PROBLEM REQUIREMENTS
Return all of the data exactly, omitting any images.

DATA BLOCK
_____

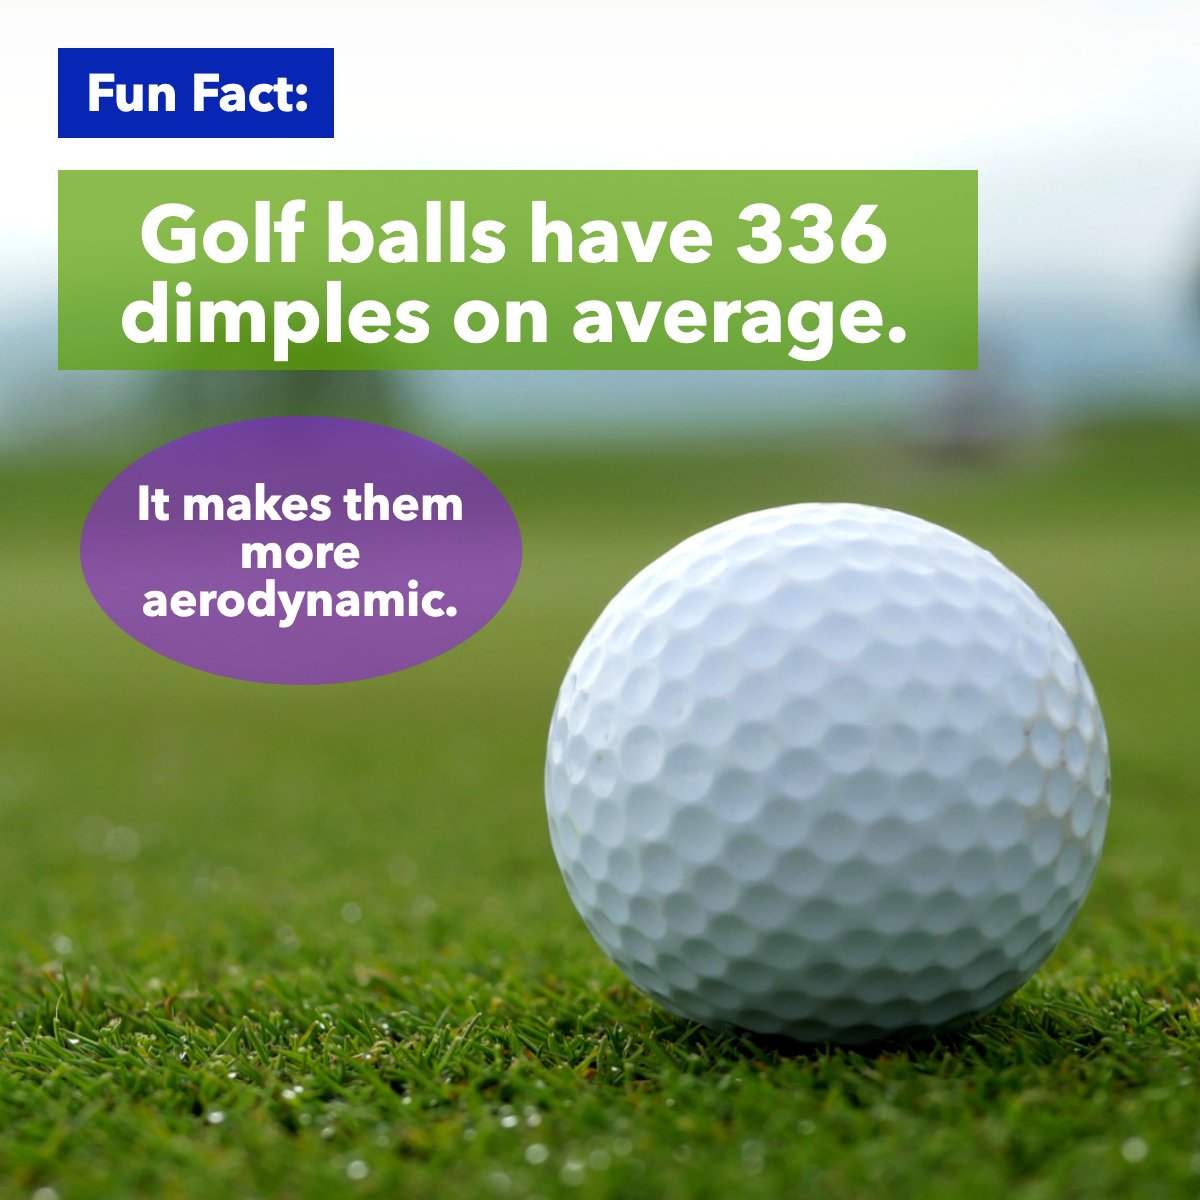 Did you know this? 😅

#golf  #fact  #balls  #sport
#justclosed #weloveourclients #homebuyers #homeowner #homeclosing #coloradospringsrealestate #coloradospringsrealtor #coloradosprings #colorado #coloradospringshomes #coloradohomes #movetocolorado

_____

TASK OUTPUT
 Did you know this? 😅

#golf  #fact  #balls  #sport
#justclosed #weloveourclients #homebuyers #homeowner #homeclosing #coloradospringsrealestate #coloradospringsrealtor #coloradosprings #colorado #coloradospringshomes #coloradohomes #movetocolorado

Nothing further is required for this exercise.